L’écriture de l’histoire enregistre un déficit majeur en Algérie pour des raisons qu’il n’est pas aisé de cerner ici. Le fait que des acteurs politiques de la dimension de Saïd Sadi interrogent notre trajectoire historique soit en écrivant des livres sur des personnages aussi emblématiques que Amirouche et Cherif Kheddam, soit en retraçant leur parcours propre ou un fragment de leur vie comme dans Algérie, échec recommencé ? et Algérie, l’heure de vérité, contribue considérablement à combler ce déficit, même si, fondamentalement, l’intervention historienne reste nécessaire.

Le premier tome des mémoires de Saïd Sadi, La guerre comme berceau. 1947-1967, est quasiment prêt. Il sort le 20 août et il sera vite suivi par la publication d’un livre-document où on rassemble plusieurs de ses écrits (des interventions dans des conférences, des correspondances, des contributions dans la presse, etc.) sous le titre Mon combat pour la démocratie. Ce travail de témoignage est nécessaire parce qu’il aide, comme dirait justement le Dr Sadi, à «stabiliser une mémoire politique chahutée par l’oubli, l’oralité ou les falsifications».

Ce qui est souhaitable est que tous les acteurs politiques et culturels et toutes les figures intellectuelles du pays s’y mettent. Quant à l’essai de Lahouari Addi, La crise du discours religieux musulman, il s’agit d’un livre qui nous dit comment le discours musulman a sombré en organisant la soumission du savoir profane au savoir religieux et nous donne des clefs pour comprendre cette situation et en sortir. Compte tenu de la crise actuelle du discours religieux musulman, son ressassement infécond et, parfois, meurtrier, sa mobilisation populiste par certains milieux politiques, le livre de Lahouari Addi, alliant pédagogie, connaissances historiques irréfutables et une audace intellectuelle rare, est plus que nécessaire.

-Vous avez lancé également un site Algérie Cultures (www.algeriecultures.com) et comptez même lancer, après le confinement, une web TV et même une revue.
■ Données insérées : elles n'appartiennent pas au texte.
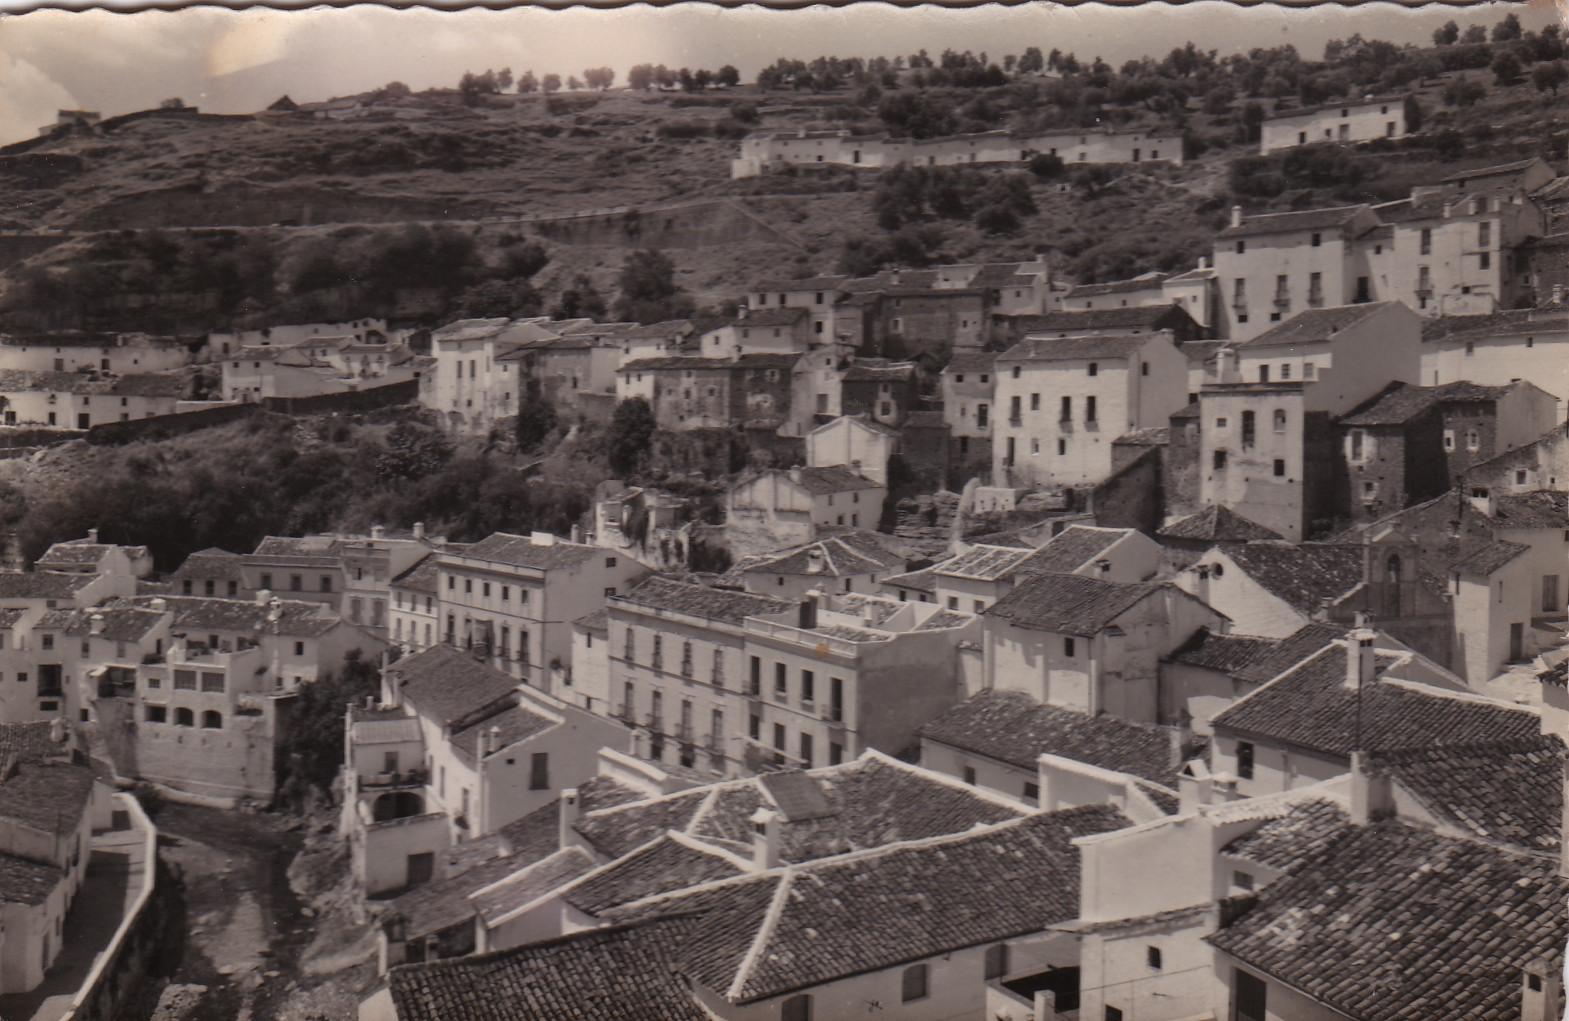 Imagen de Setenil desde El Lizón. Publicada en 1968 por Editorial Aribas

D’autres détails ?

Algeriecultures.com est un projet que nous portons depuis au moins deux ans. Nous avons constaté que la culture est le parent pauvre des médias en Algérie, y compris les médias publics qui n’y ont recours que comme alibi conjoncturel et le font souvent mal puisque le parti pris politique dans le choix des invités et des couvertures est flagrant.

Le journalisme culturel n’a jamais été institutionnalisé chez nous et, n’était l’effort louable que de quelques journaux privés, il ne serait pas faux de parler de désert. La preuve la plus irréfutable de ce désastre est qu’il n’existe aucun artiste ou écrivain algérien qui doit sa notoriété à l’Algérie. C’est toujours à partir de l’étranger que nos artistes et nos écrivains «se fabriquent».
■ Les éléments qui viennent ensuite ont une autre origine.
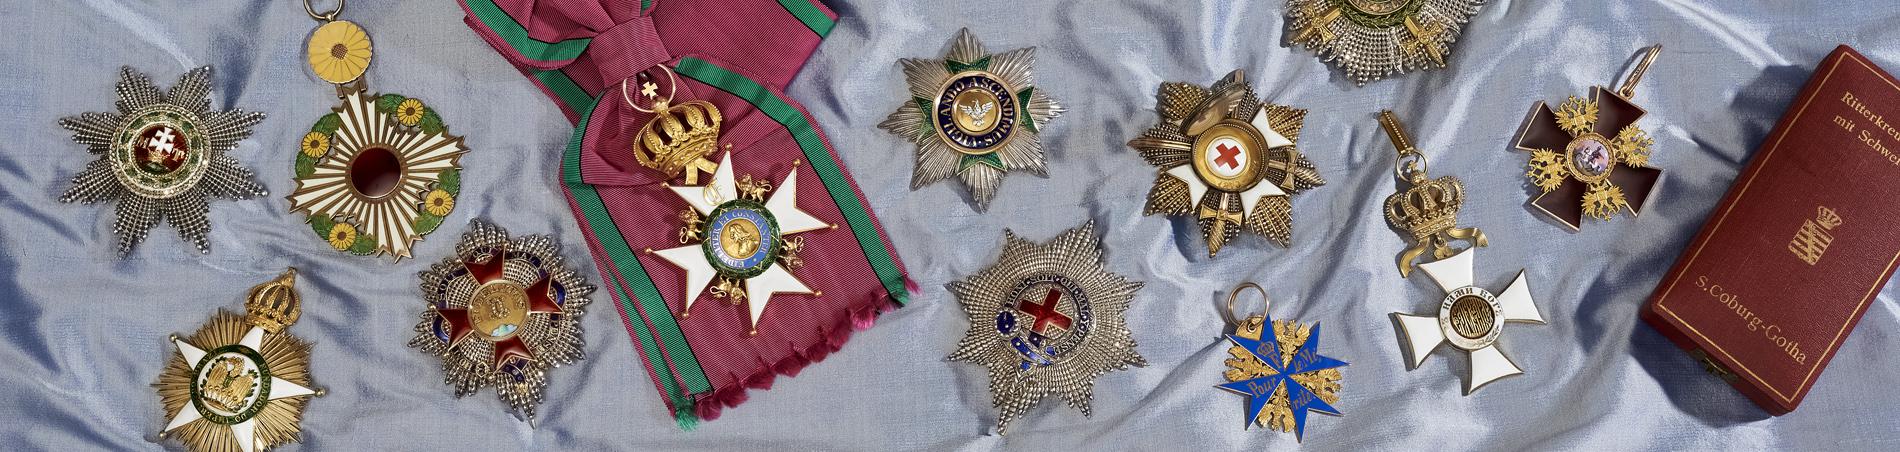 Orden und Ehrenzeichen in den Kunstsammlungen der Veste Coburg

Métis Média, l’entreprise qui gère les éditions Frantz Fanon, a donc lancé ce magazine, que nous essayerons de développer petit à petit, pour accompagner les acteurs culturels par l’information, l’analyse et la critique dans leurs parcours respectifs et leur donner, dans les limites de la place que nous aurons à occuper dans le champ médiatique algérien, une visibilité.
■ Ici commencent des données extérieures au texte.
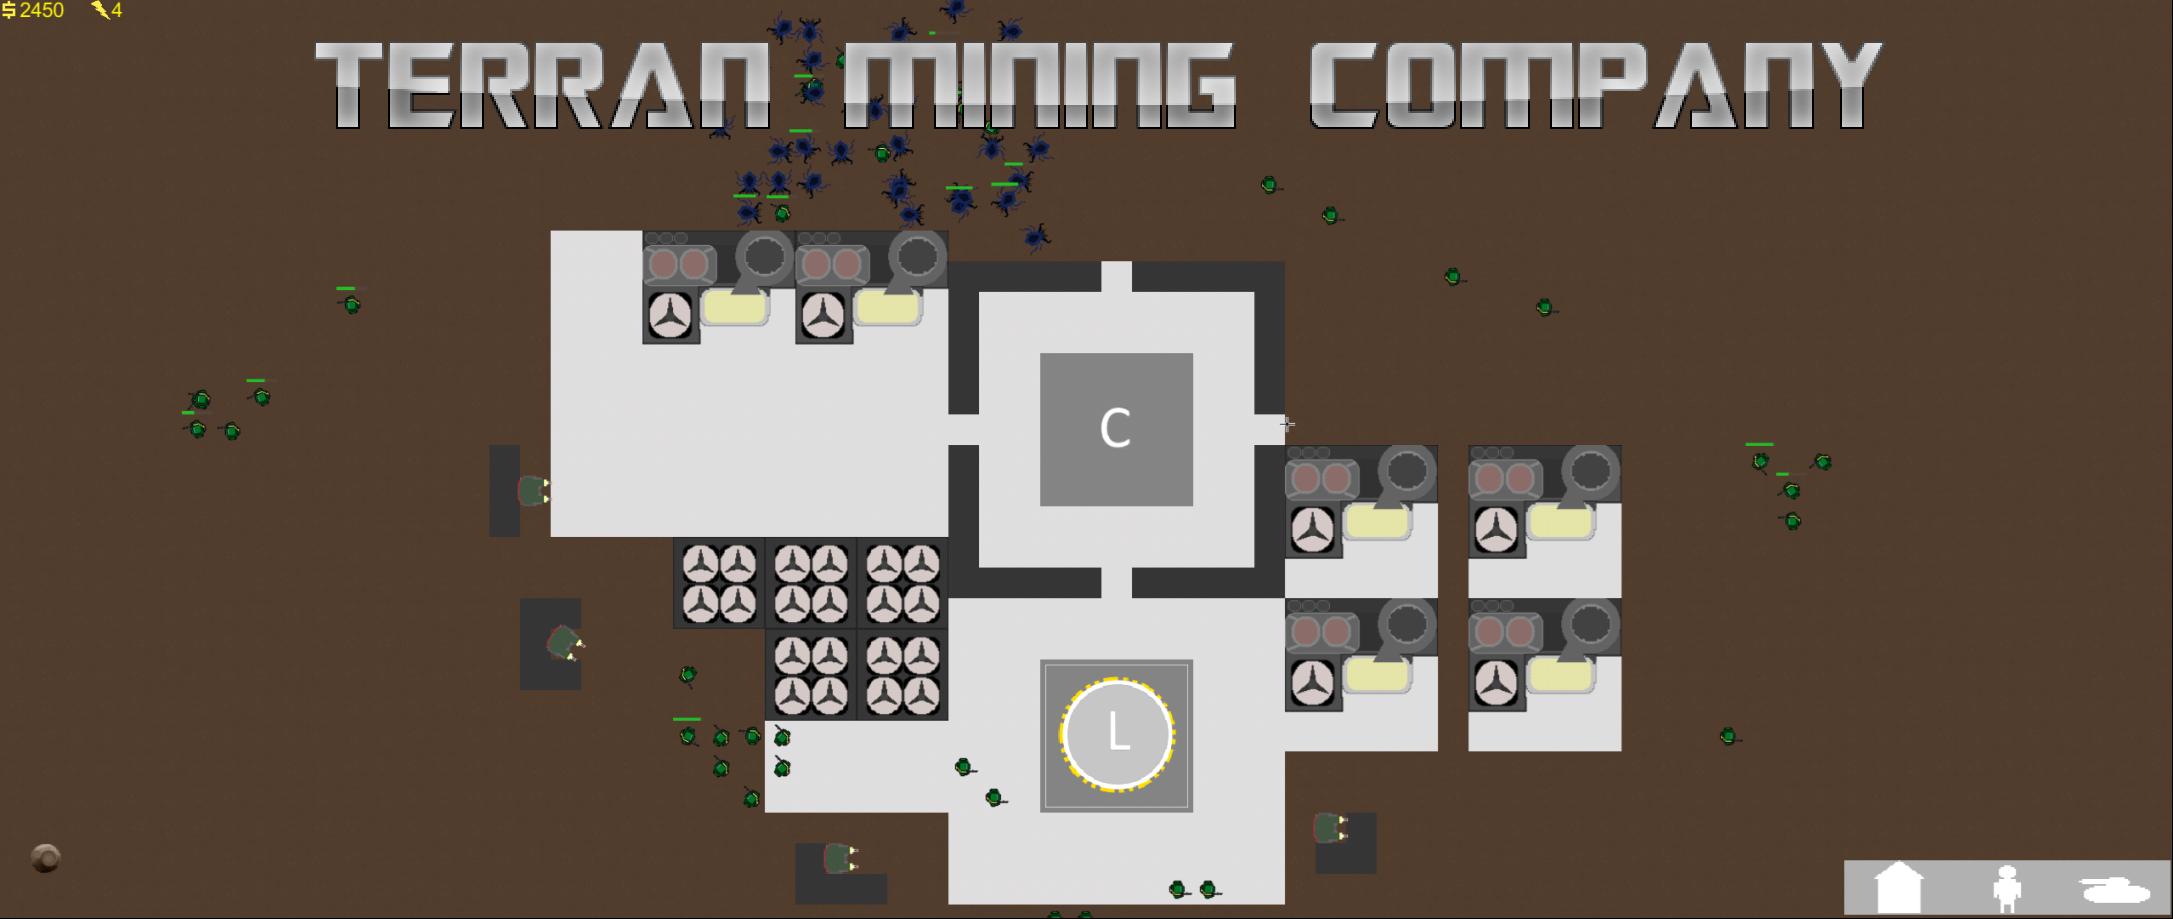 Terran Mining Company

Ceci dit, je pense qu’il est important que les grands médias algériens accordent davantage de place à la culture, dans toutes ses expressions, et que des médias spécialisés, notamment publics ou à capitaux mixtes, se mettent en place. La culture n’est pas un luxe dont on peut faire l’économie ; c’est notre unique arme contre la barbarie qui menace le monde.